June 15, 2005

Christmas Tree Scouting Report -
Number 12

Welcome to the Christmas Tree Scouting Report for the week ending May 11, 2005. The next report will be available after 5 PM on Wednesday, May 18. To receive a FAX of this week’s message, please call (814) 865-1636. If you have pest activity to report, or would like to receive this report by e-mail, please leave a message at 717 772-0521 or e-mail and your name will be added to the distribution list.

The eggs of Cryptomeria scale are beginning to hatch on Canaan and Fraser fir in Adams, Dauphin, Juniata, Lancaster and York Counties. The majority of the crawlers are still under the female’s protective cover but a few are exposed on the needles. In Huntingdon County, females are just beginning to lay their eggs. Scale control is generally directed toward the crawler stage and at least two applications, 7 to 10 days apart are recommended. A third spray may be necessary if crawlers are still emerging.

Eggs of the striped pine scale Toumeyella pini are beginning to hatch and crawlers can be found on the bark and needles of Scotch pine. This scale’s life cycle and control is similar to pine tortoise scale Toumeyella parvicornis. Here in Pennsylvania the majority of the populations are the striped pine scale. It is the adult females that overwinter and become noticeable by the spring. At this time of year, female scales are about 4mm long, helmet shaped, and reddish-brown with white striped markings. Needles around the scale tend to be black from a sooty mold that grows on the sugary waste product secreted by the scale. Crawlers are salmon color and resemble small bits of sawdust on the needles and bark. Females will settle on the bark and the males out on the needles. This is a soft scale which feeds in the phloem so an insecticide with systemic activity will work better than one that works on contact.

Bagworm are about 1/8 – ¼ inch long and are beginning to do damage to needles on Douglas fir in Juniata County and Blue spruce in Lancaster county. When the bagworm larvae first emerge they feed on the surface of needles causing them to brown; once they reach about a ¼ inch they can consume whole needles. If you had problem with bagworm last year you may want to spray a registered insecticide in the next couple days.

The infectious period for rhabdocline is coming to an end. Once the new growth begins to harden off and nighttime temperatures stay above 55F rhabdocline is no longer infectious. A small percentage of active spores were found in Dauphin, Huntingdon and Schuylkill counties. Most growers should have applied their third spray by now and those who have had problems with Swiss will want to make sure they apply a fourth if they have not done so already.

Spruce spider mites were found feeding and causing damage to the new growth on Fraser fir in Juniata and Lancaster counties.

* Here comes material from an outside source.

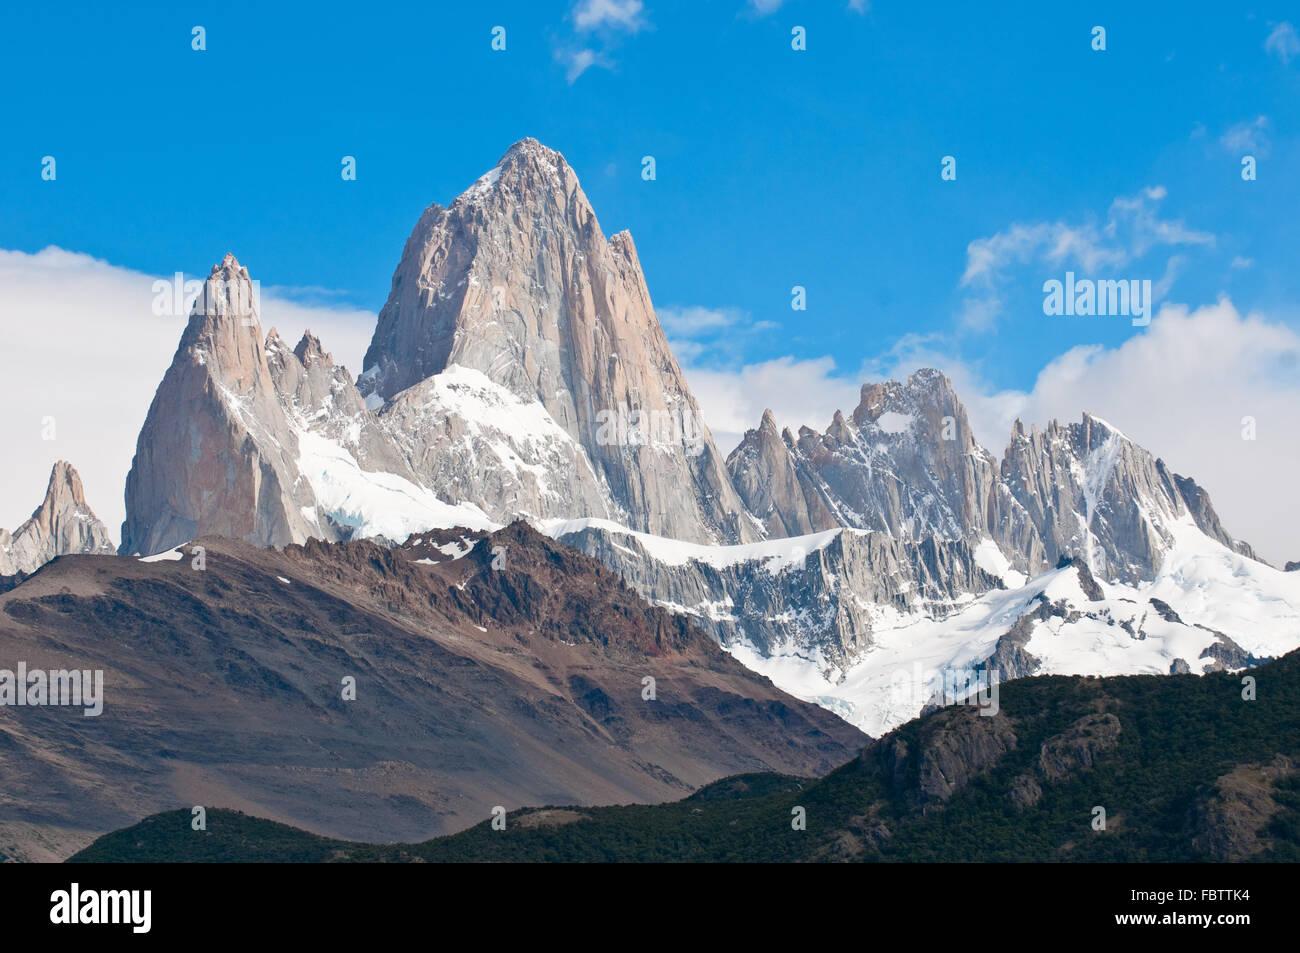 Fitz Roy mountain and Laguna de los Tres, Patagonia, Argentina - Stock Image

Since the spruce spider mites have just begun to move onto the new growth and damage is not yet significant, it would be advisable to control these mites now before more damage is done and eggs are laid to produce a damaging fall population.

Over wintering eggs of the Balsam twig aphid were found on the new growth of Fraser fir in Franklin County. This is the end of this insect’s life cycle for the season. When these eggs are first laid they are light green with long silver fibers and as they age the green turns to black. With a hand-lens you can find these eggs on the twigs and the base of needles of this year’s growth. The next time to control this insect will be before bud break in spring of 2006.

Elongate hemlock crawlers are out on the new growth of grand fir in Adams County. This scale becomes more active as the temperature warms. If you know you have this scale pest, I would begin a spray program now and continue with a total of three sprays at four-week intervals.

The next report will be on Wednesday the 22 nd after 5:00pm.